I see a number of cases that feature some of the signs and symptoms of CRPS but would not be actually diagnosed as CRPS according to the Budapest criteria. For example, tendinopathy, neuropathies, post-surgery and following a nerve injury. The latter you may say could underpin CRPS II. There has always been difficulty suggesting that CRPS I is devoid of a nerve injury as of course nerves are ‘soft tissue’ and can easily be damaged during an injury. Of course when a nerve is injured neuropathic pain can be a consequence concurrent with the nociceptive pain.
Immobilisation can lead to similar symptoms including pain, altered movement, atrophy and vasomotor changes. One must consider the fact that for tissues to be healthy they require movement. Change in use of a body part will have a number of consequences including actual tissue change alongside issues of movement. Movement-based problems will be as a result of the altered tissue properties, cortical change and also a willingness to move. Fear avoidance, catastrophising and a belief that movement that hurts is a sign that damage is being done. This scenario can be played out in a number of conditions such as Achilles tendinopathy, tennis elbow, RSI and others.

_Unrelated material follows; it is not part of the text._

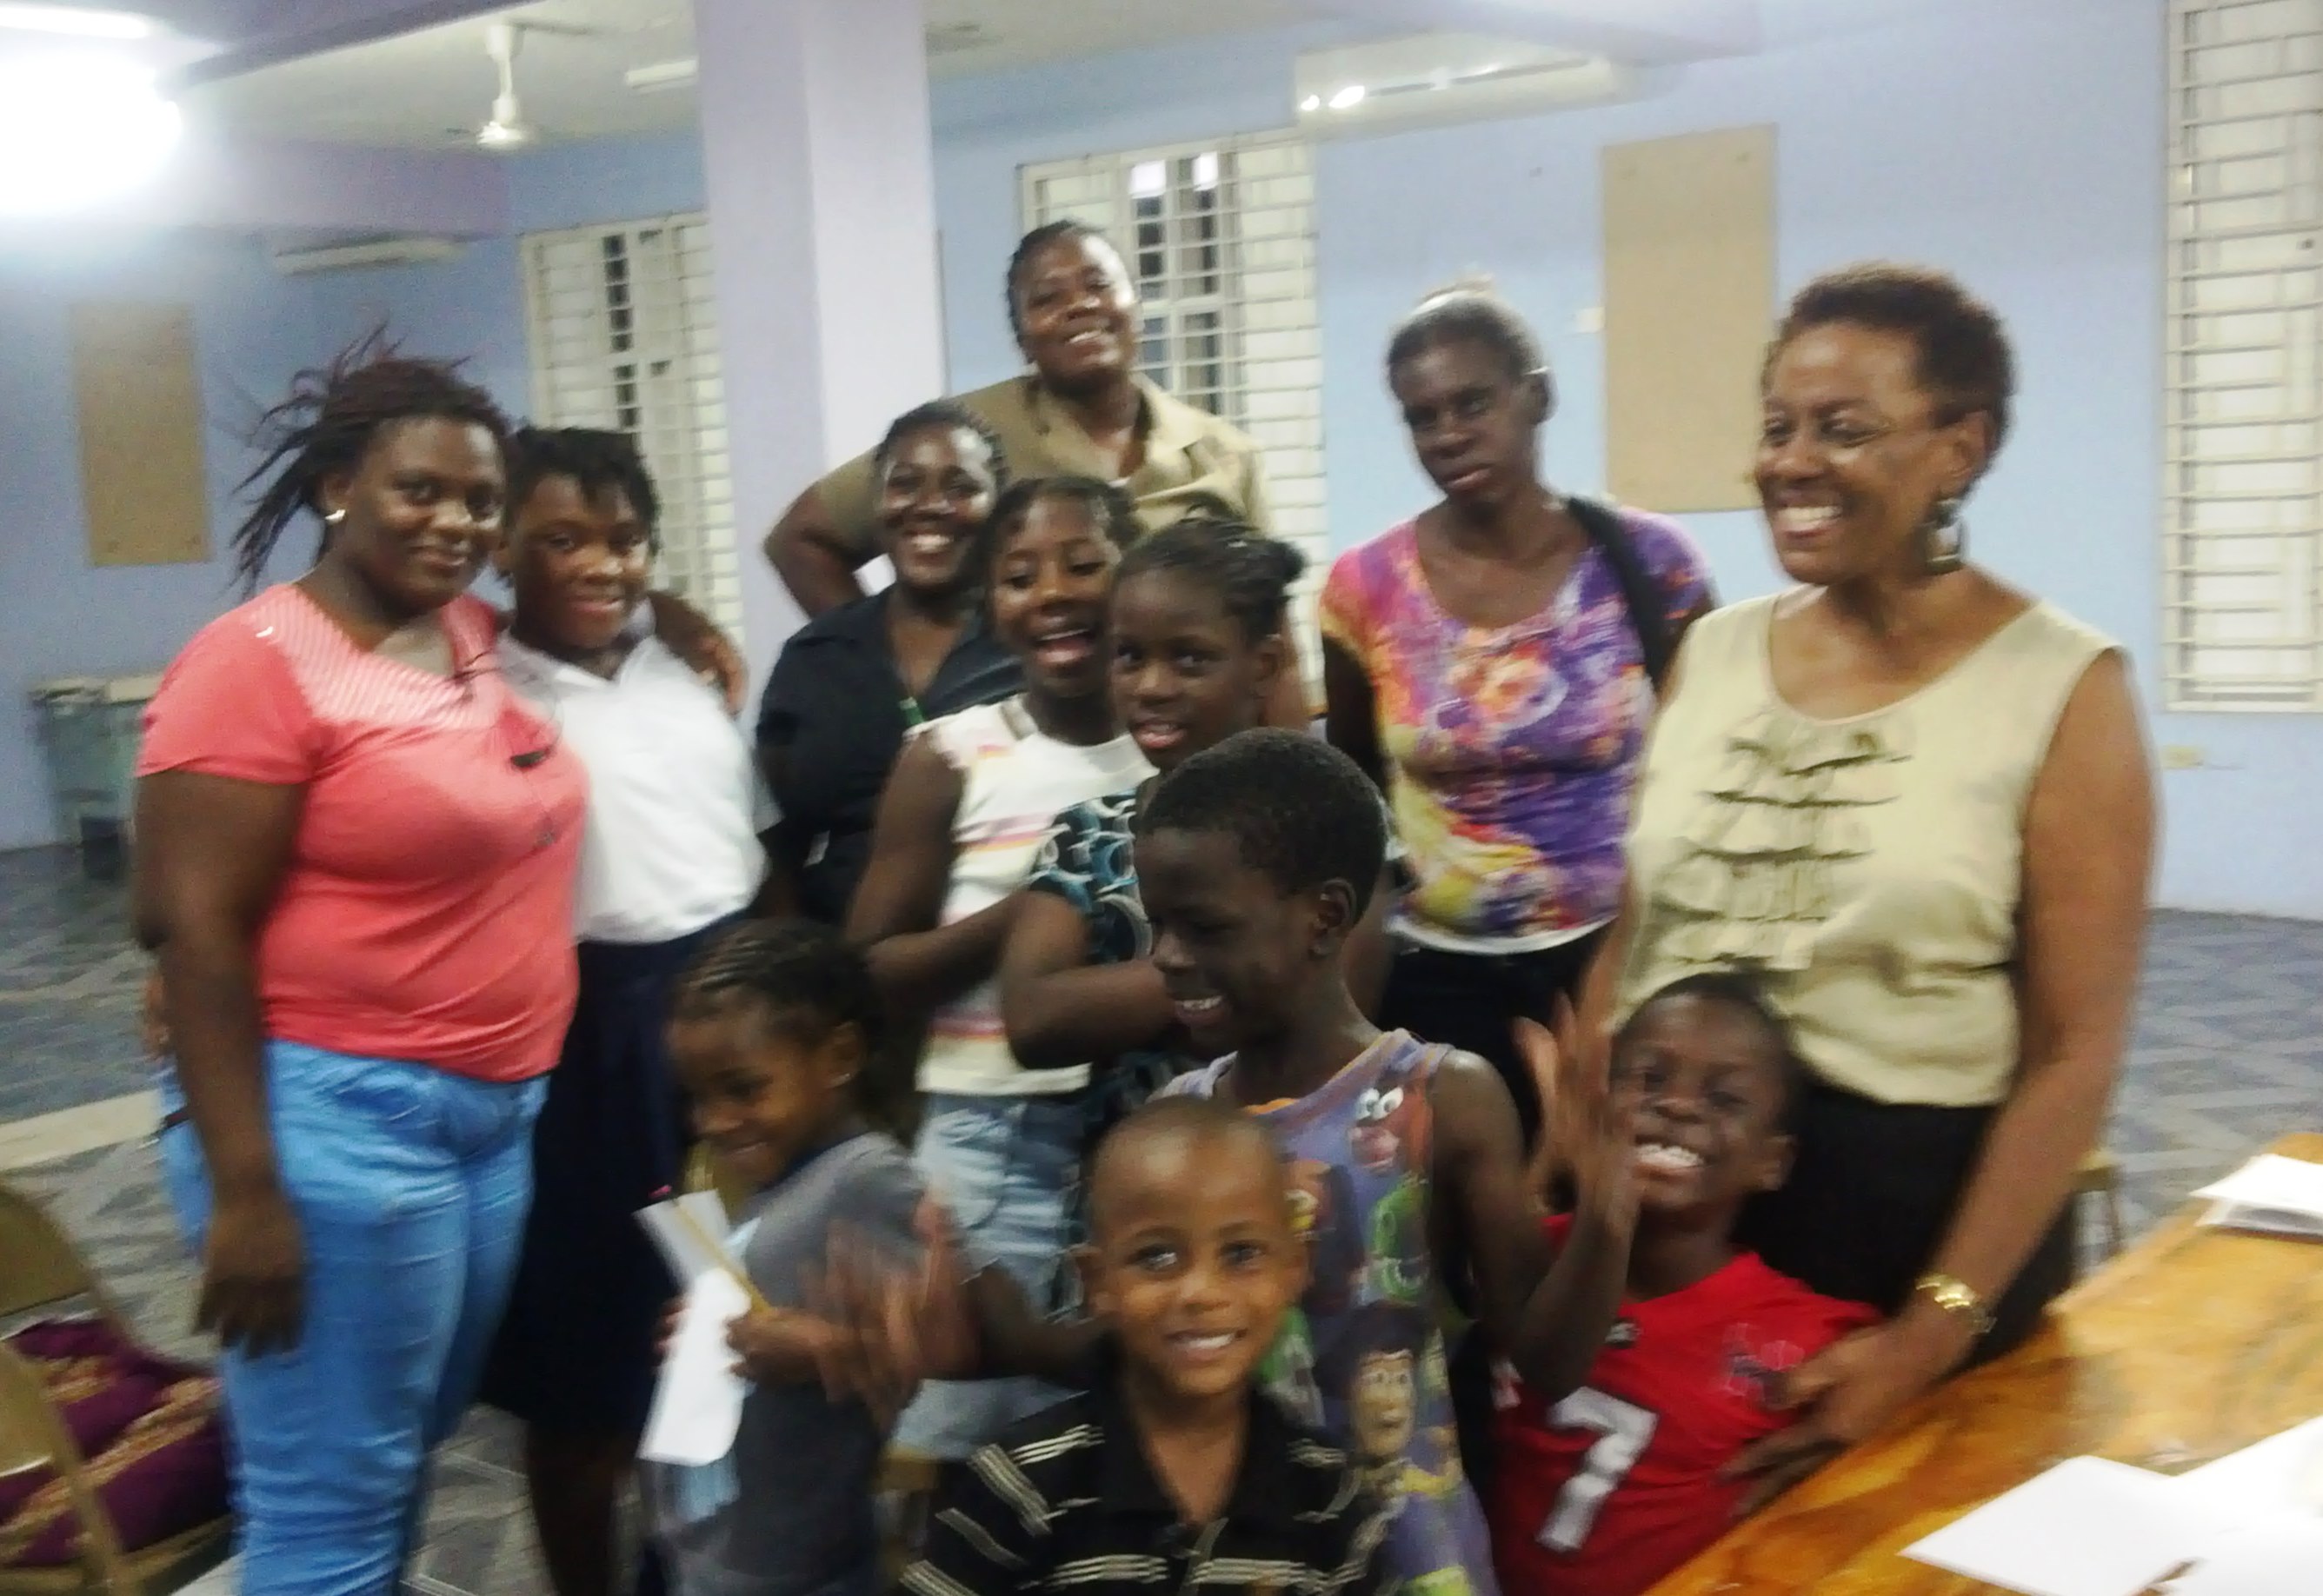 Mrs. Marva Greig (far right) hosts Parenting Workshop for parents of children who attend the Centre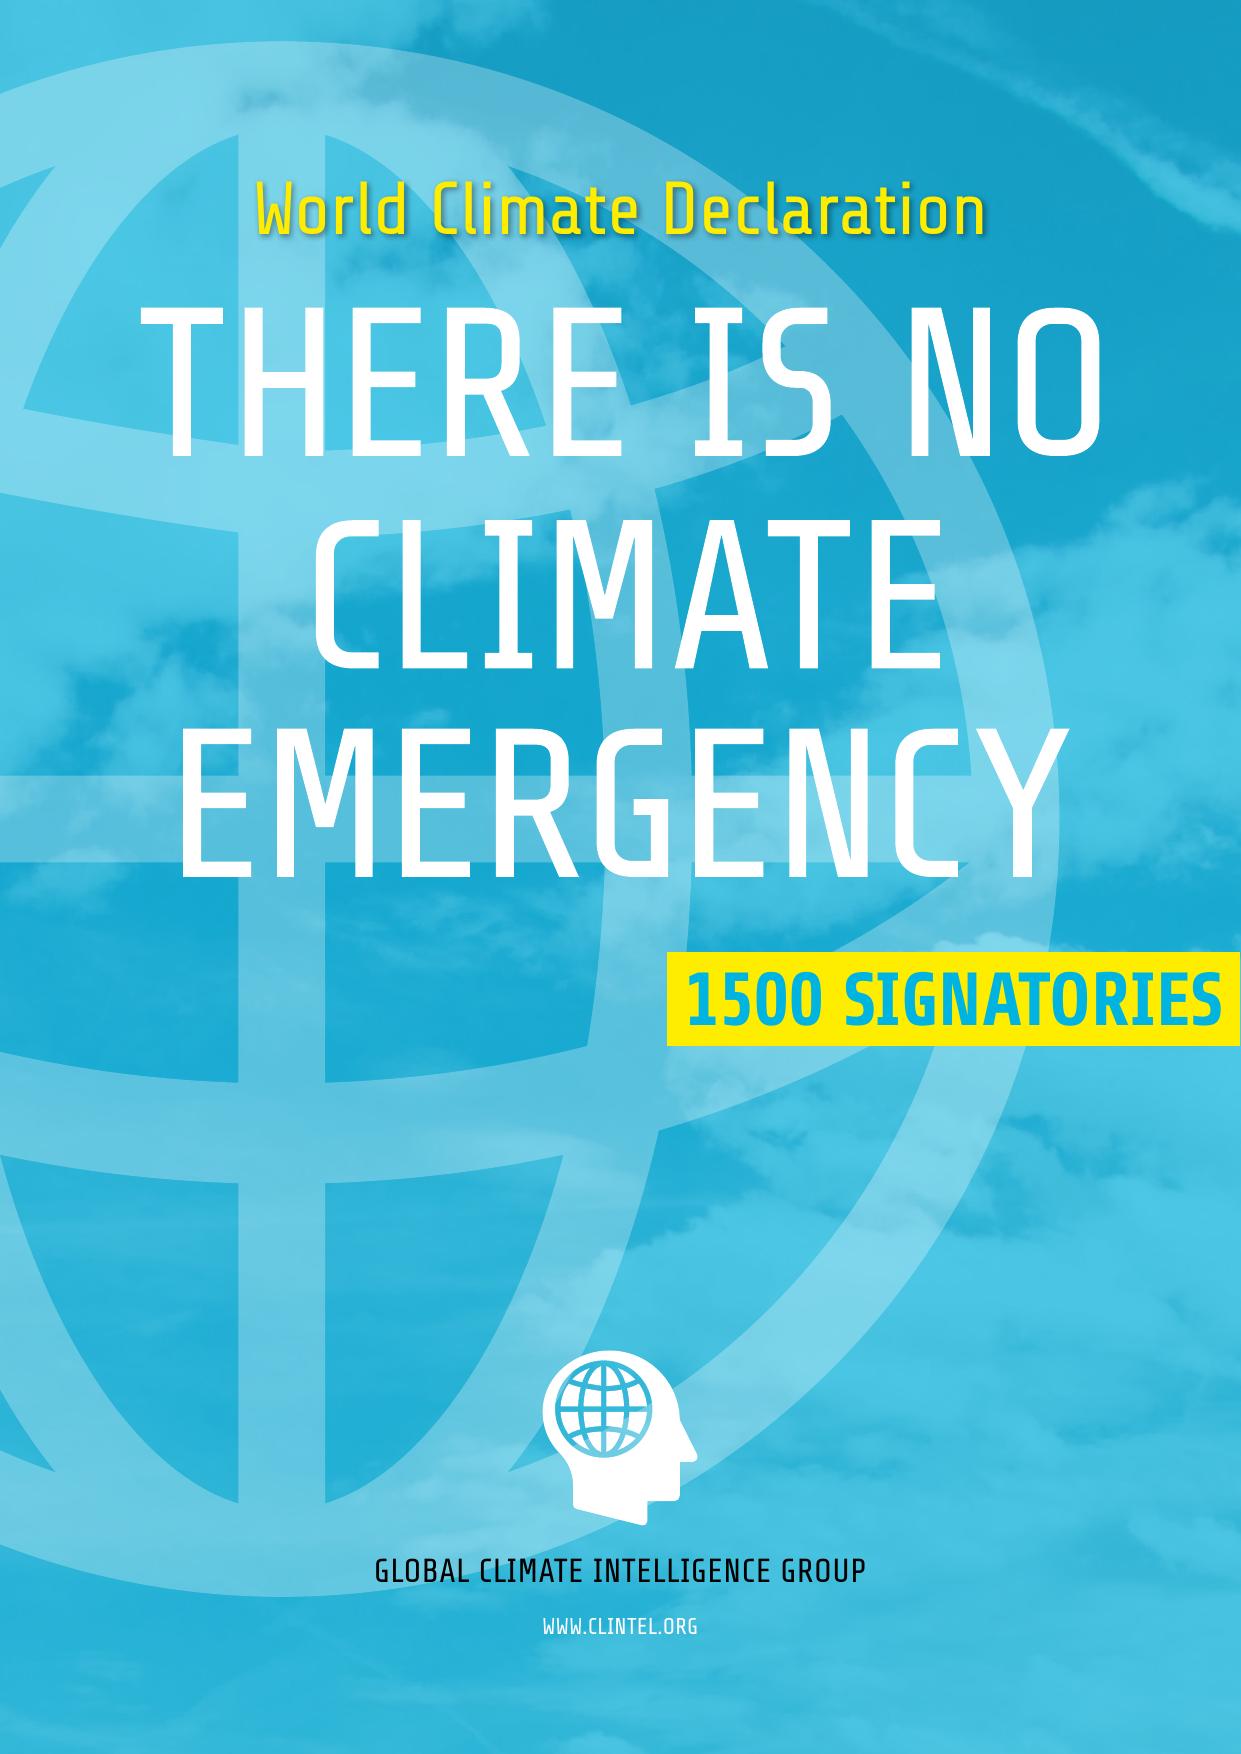 World Climate Declaration - There is no Climate Emergency

Neuropathic pain is ‘pain arising as a direct consequence of a lesion or disease affecting the somatosensory system’ NeuPSIG
Neuropathic pain measures are a useful way of determining whether there is a neuropathic component. Commonly used are the s-LANSS and painDETECT – shown below – alongside a thorough assessment. A recent paper discusses the NeuPSIG assessment guidelines.
When neuropathic pain is found to be part of the presentation, this can guide treatment including medication and therapy. The former needs to be attended to with a plan that is fully understood by the patient: how the medication works, how to use it and how to gradually reduce the dosage. The latter includes techniques such as graded motor imagery, 2-point discrimination and desensitisation techniques at a peripheral and central level.